Well I managed to use infiniband by running the recipe in a compute node instead of in the login node, not much improvement either. In any case, I think there are many issues in the concatenation. The graph in the dashboard looks quite bad when the concatenation starts.

For instance from our side, we are realising the data if the cubes overlap:

https://github.com/ESMValGroup/ESMValCore/blob/ac98c69bcf1eba9afd6e6183304183337c5767c4/esmvalcore/preprocessor/_io.py#L533

I think that it would be worth it to include the concatenation in the list of performance issues that are pending to be solved

valeriupredoi commented 1 year ago

that's an overlap-gated cube @sloosvel - not the biggest problem you have on your hands, it's usually a few years-long at most :grin:

valeriupredoi commented 1 year ago

I think that it would be worth it to include the concatenation in the list of performance issues that are pending to be solved

Indeed!

sloosvel commented 1 year ago

that's an overlap-gated cube @sloosvel - not the biggest problem you have on your hands, it's usually a few years-long at most

It's happening to us that we have a cube with 18000 timesteps getting realised...
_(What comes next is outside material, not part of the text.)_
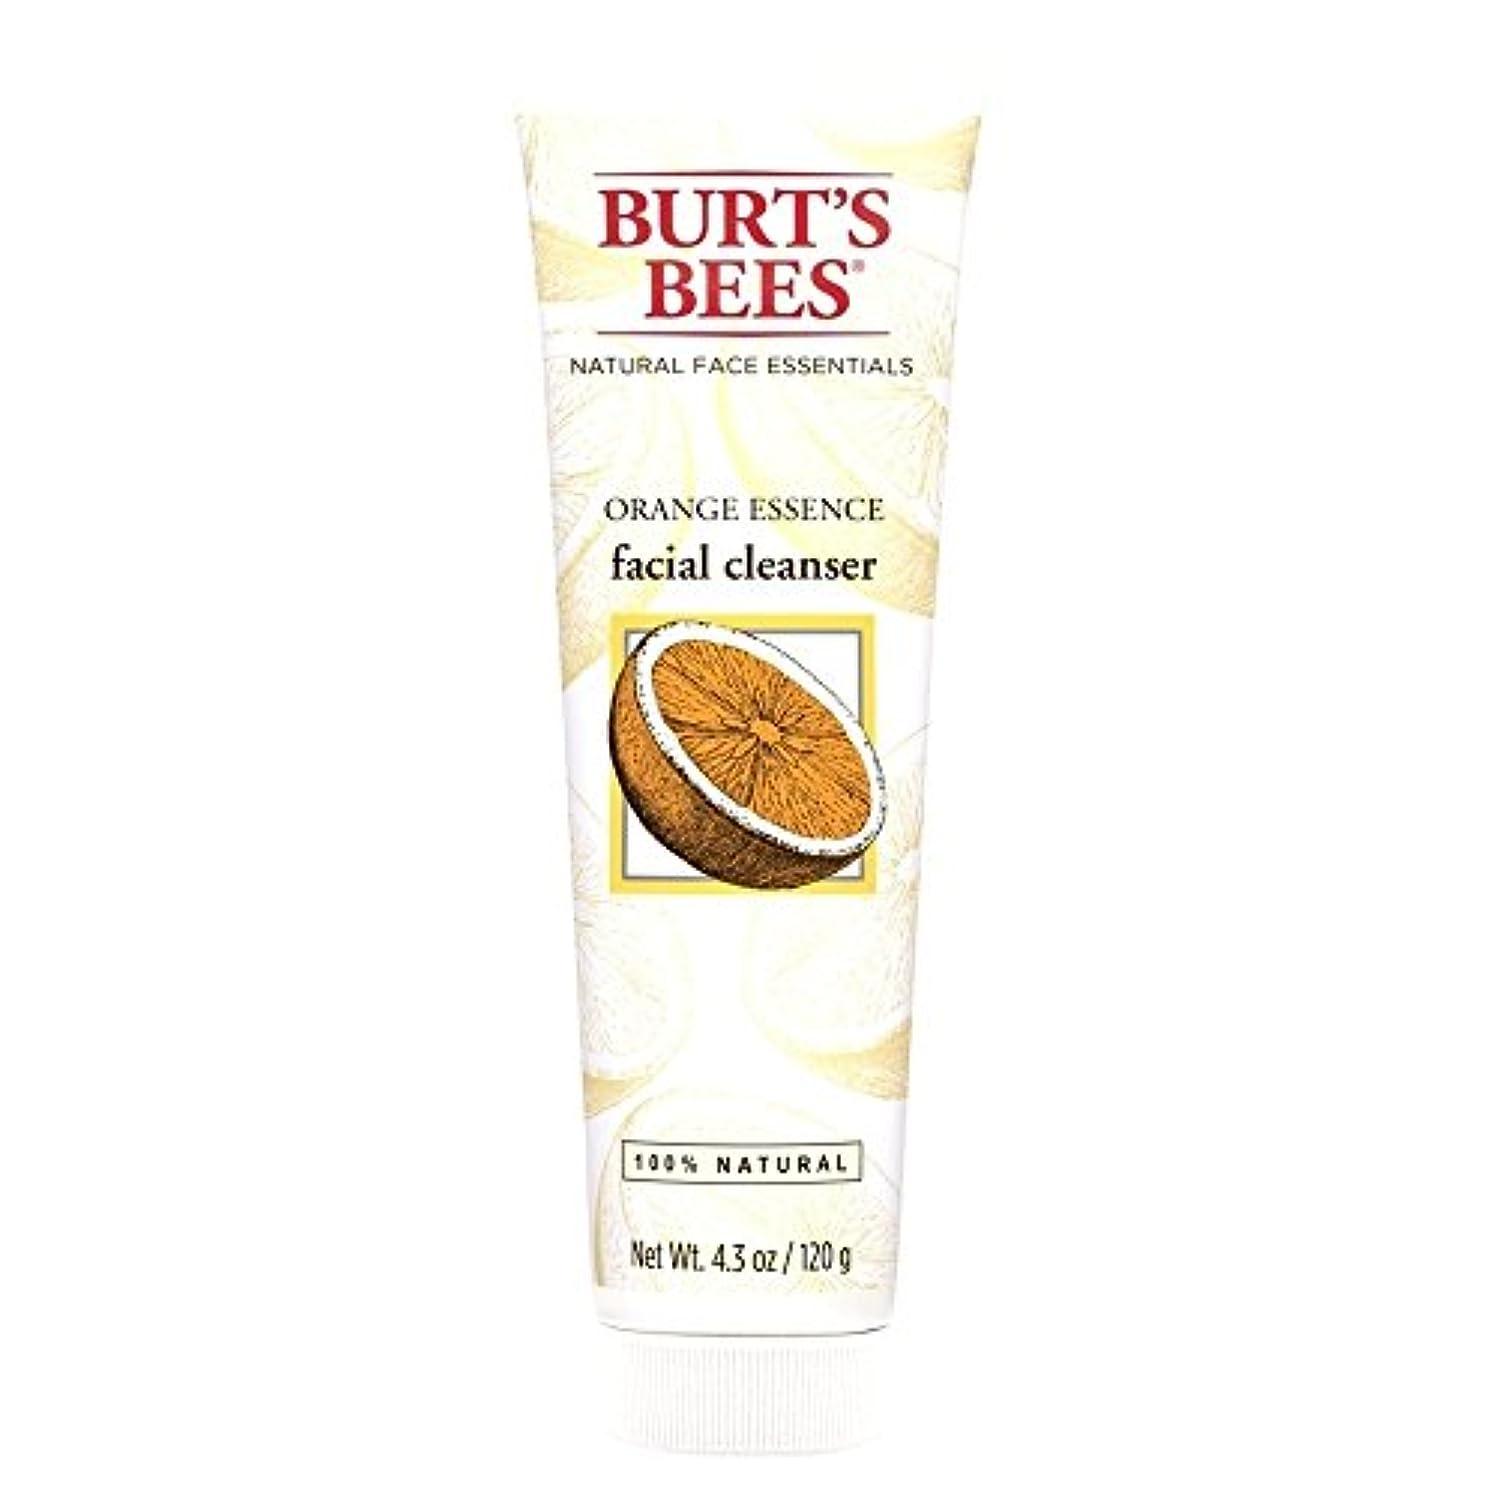 弱点発掘する苦情文句バーツビーオレンジエッセンス洗顔料、125グラム (Burt's Bees) (x2) - Burt's Bees Orange Essence Facial Cleanser, 125g (Pack of 2) [並行輸入品]
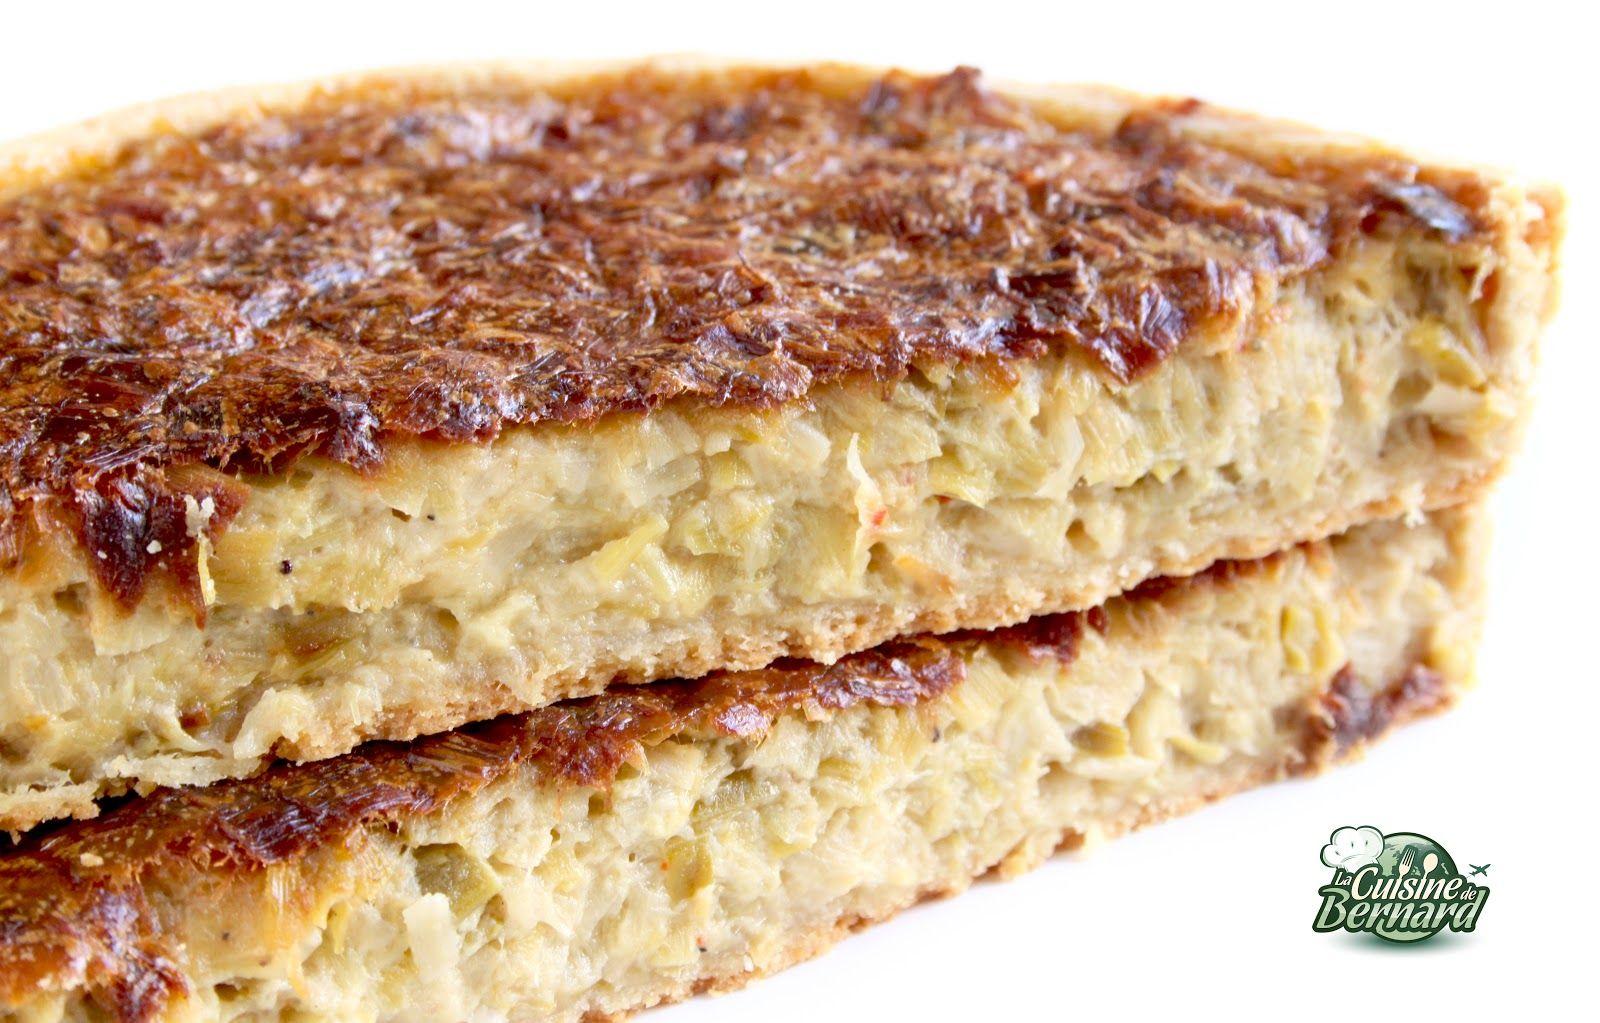 la cuisine de bernard : tarte aux poireaux (note pat : fait avec

valeriupredoi commented 1 year ago

that's an overlap-gated cube @sloosvel - not the biggest problem you have on your hands, it's usually a few years-long at most

It's happening to us that we have a cube with 18000 timesteps getting realised...

oh boy, that's one chunky overlap; you guys using millisecond means data? :rofl:

bouweandela commented 1 year ago

we are realising the data if the cubes overlap

That is something that would need to be fixed first, distributed really doesn't work well if the computation is not fully lazy. I made a pull request to fix it: #2109.

sloosvel commented 11 months ago

As discussed in past meetings, the main issue with the concatenation of many cubes, specially if they contain HR data, comes from the fact that auxiliary coordinate array values need to be compared to ensure they are equal. This comparison happens sequentially in iris and requires to compute the values. We agreed that maybe we could discuss with the iris team to consider performing this comparison only once between all arrays, instead of sequentially. In the meanwhile, since iris allows to ignore the checks on auxiliary arrays, among other additional data in a cube, we agreed on tying the strictness of the concatenation checks to the check_level flag.

I will open a PR with the changes.

bouweandela commented 11 months ago

Did you also open the iris issue? I couldn't find it yet.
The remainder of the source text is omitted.